Размер шрифта
-
+

Тибет и далай-лама. Мертвый город Хара-Хото - стр. 71


Глава четвертая. Низовья Эдзин-гола и развалины Хара-Хото

Весенний пролет птиц на Сого-норе. – Общая характеристика этого озера и низовья Эцзин-гола[73]. – Урочище Торой-онцэ. – Животная жизнь прилежащей долины. – Хошун Торгоут-бэйлэ; современный управитель Даши. – Открытие Хара-Хото, археологические находки и местное предание о гибели этого города. – Обмен визитами с Торгоут-бэйлэ на Эцзин-голе. – Последние дни и ночевка в Хара-Хото.

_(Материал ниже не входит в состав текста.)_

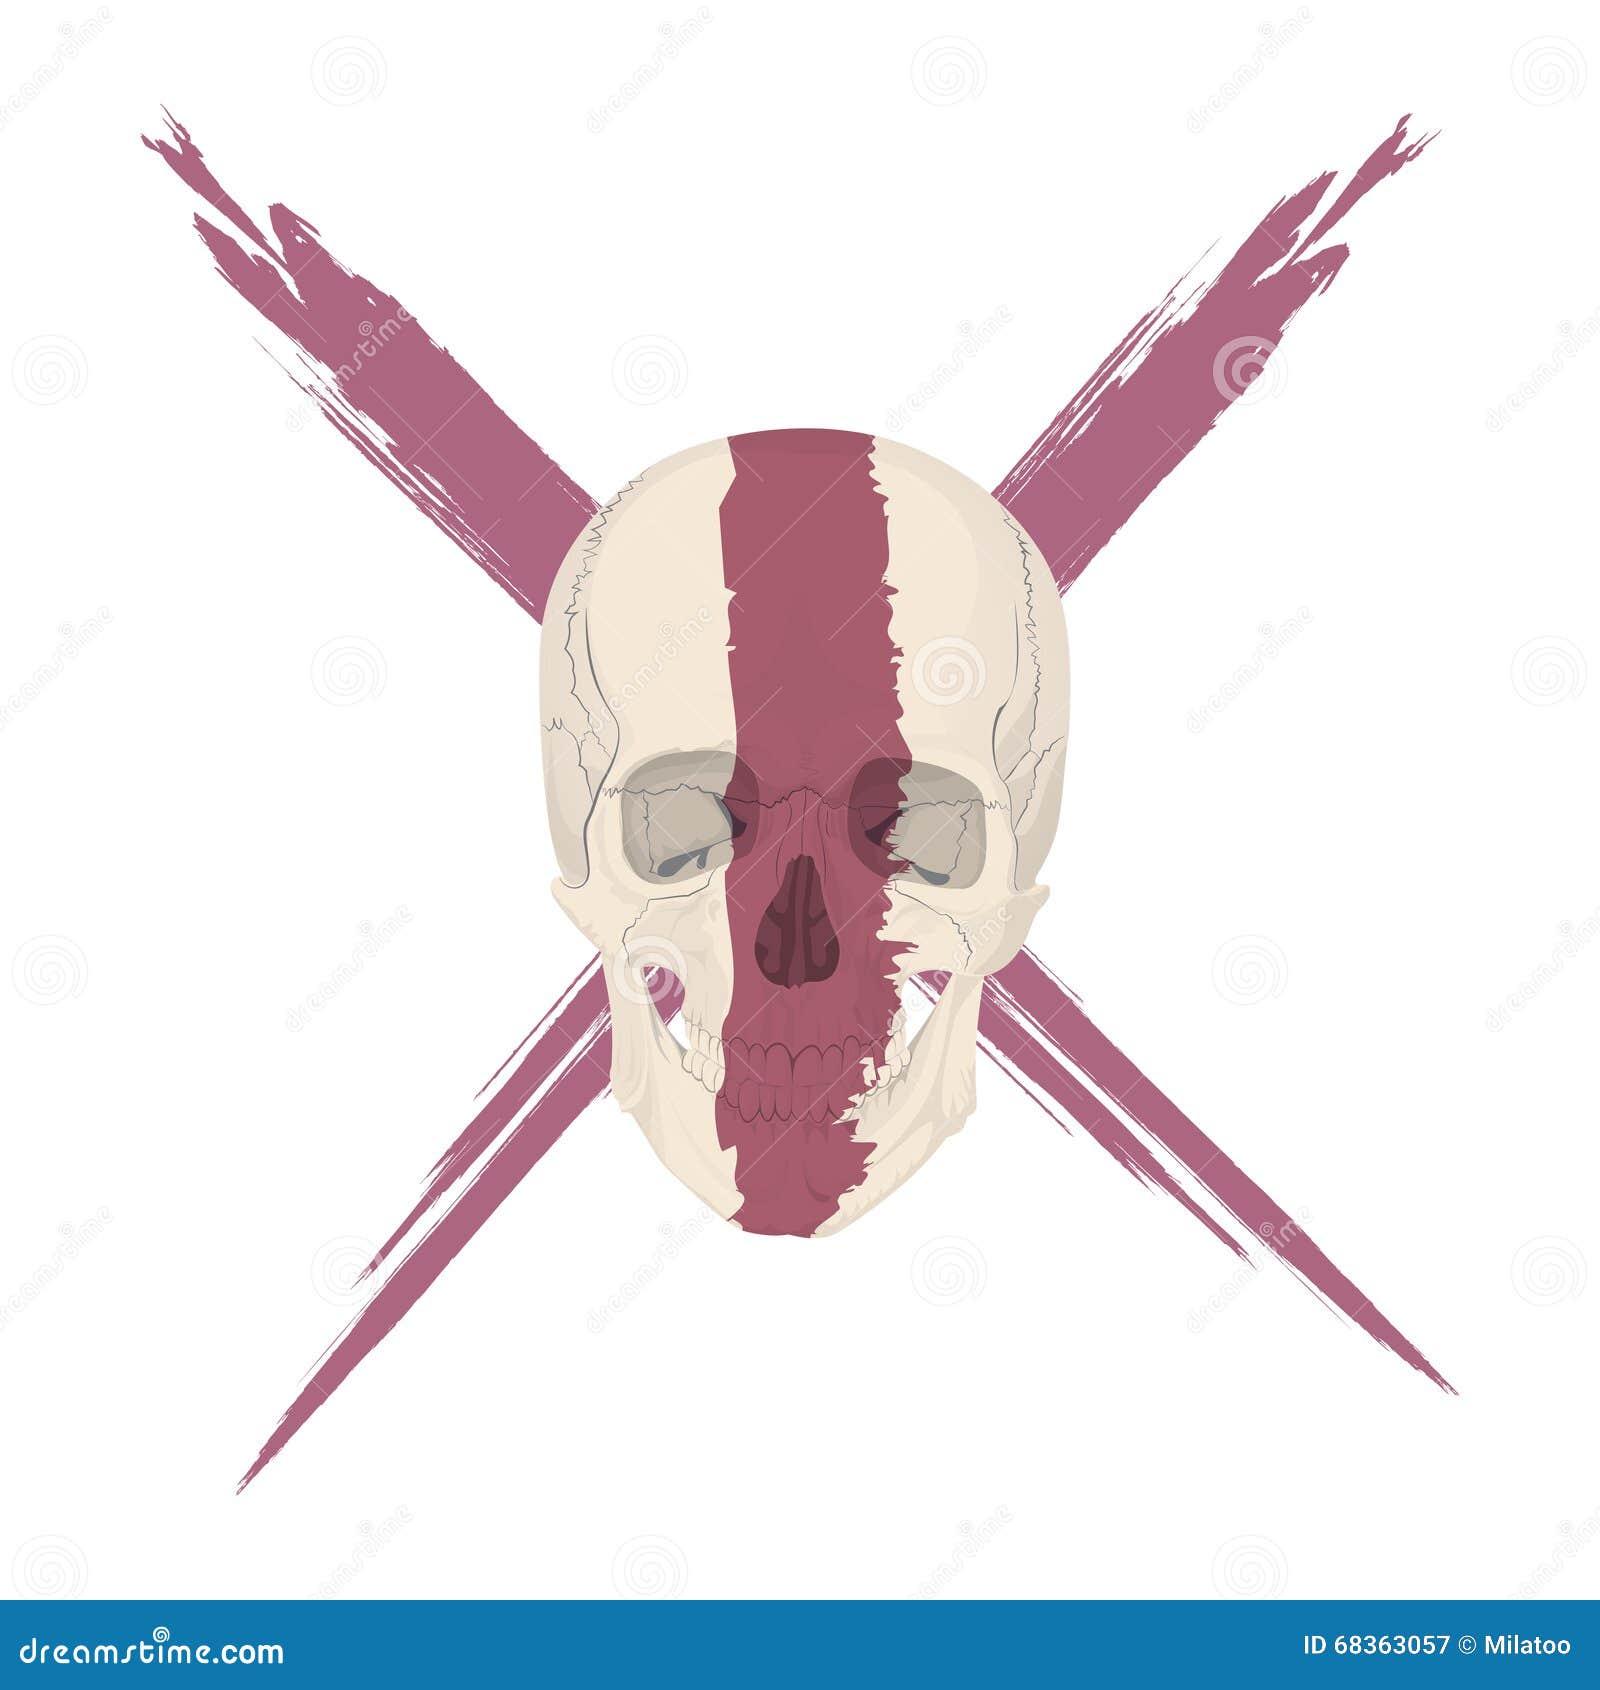 Human Skull Bones Skeleton Dead Stock Vector - Illustration of evil ...
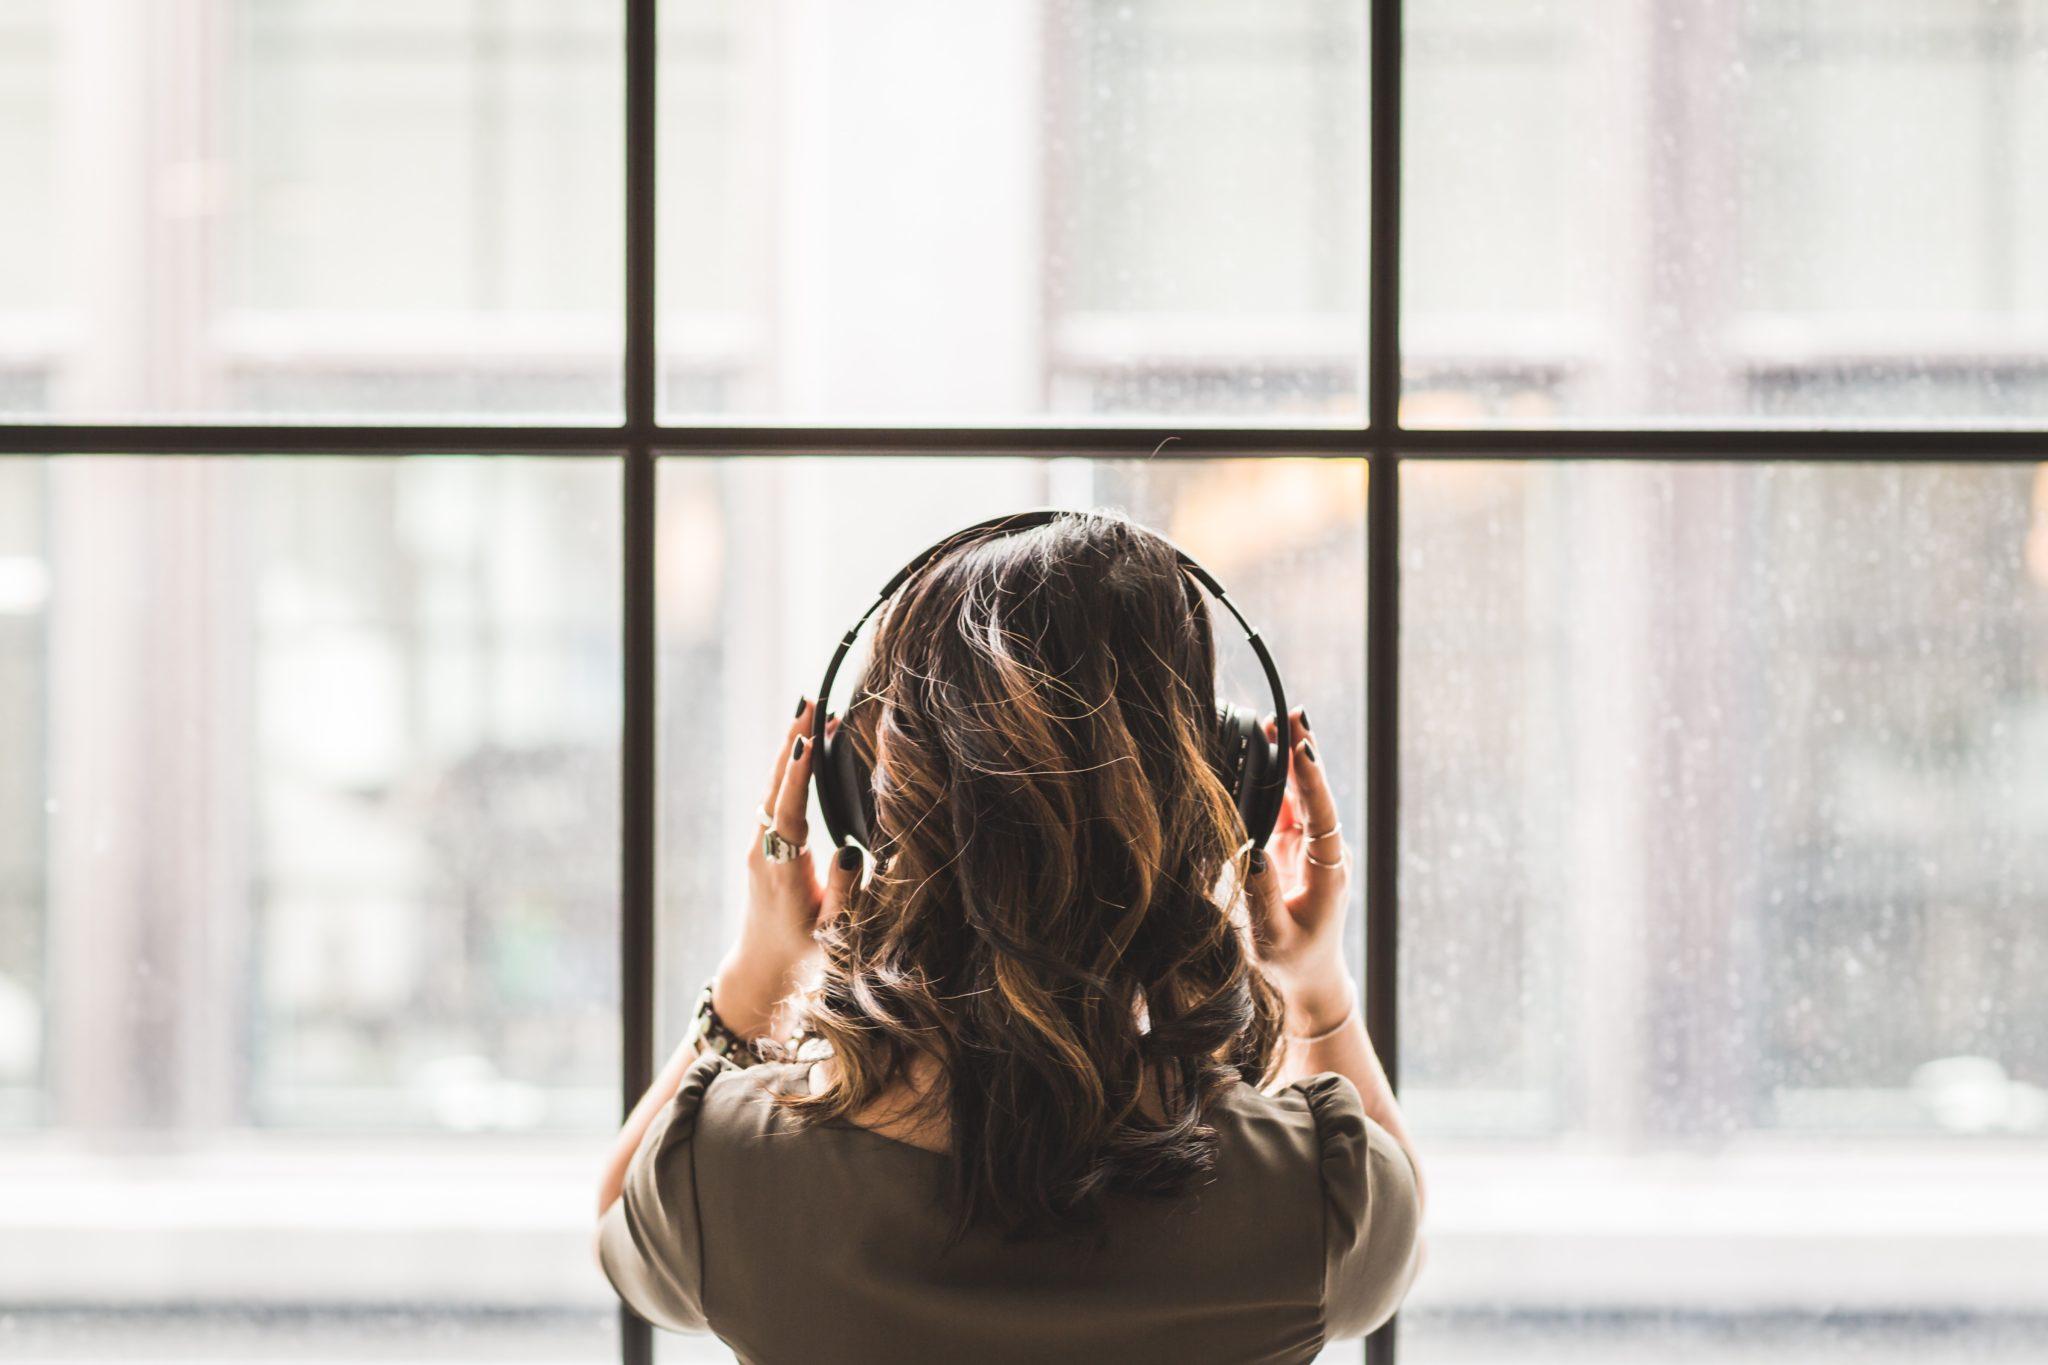 PTEアカデミック Summarize Spoken Text テンプレートと練習教材

Итак, в разгар весеннего пролета птиц экспедиция вступила в бассейн Эцзин-гола и при урочище Торцо, в непосредственной близости двух пресных озерков, окаймленных высокими буграми, расположилась биваком. Наши озерки привлекли птиц, хотя и были открыты лишь наполовину, наполовину же еще были затянуты посиневшим ледяным покровом, который энергично таял, в особенности днем, на солнце, когда южный склон соседнего песчаного бархана нагревался до +40°С и выше. Между самим Сого-нором, также имевшим открытую воду только в ближайшем к нам юго-восточном заливе, и нашим лагерем залегал обширный высокий камыш; этот камыш скрывал массу второстепенных озерков, на одном из которых, а именно – отстоявшем от нас верстах в трех и простиравшемся до двух верст в окружности, мы сосредоточили свои охоты и весенние наблюдения над местной природой.

Необходимо заметить, что из Торцо прежде всего мы отправили своего переводчика в ставку Торгоут-бэйлэ, чтобы завязать сношение с этим князем, от которого в большой степени зависела успешность нашего дальнейшего движения к Хара-Хото. Сами же тем временем занялись наблюдением весеннего пролета и весенней жизни птиц, проходившей одинаково оживленно как на Сого-норе, так и на более близком, отмеченном выше, скрытом в камыше озерке. Последнее своей кипучей жизнью оживило и нас. Я всегда с большим удовольствием посещал это озерко, оно будило во мне лучшие воспоминания моего самого первого путешествия в общении с незабвенным Пржевальским и невольно переносило на берега Лобнора.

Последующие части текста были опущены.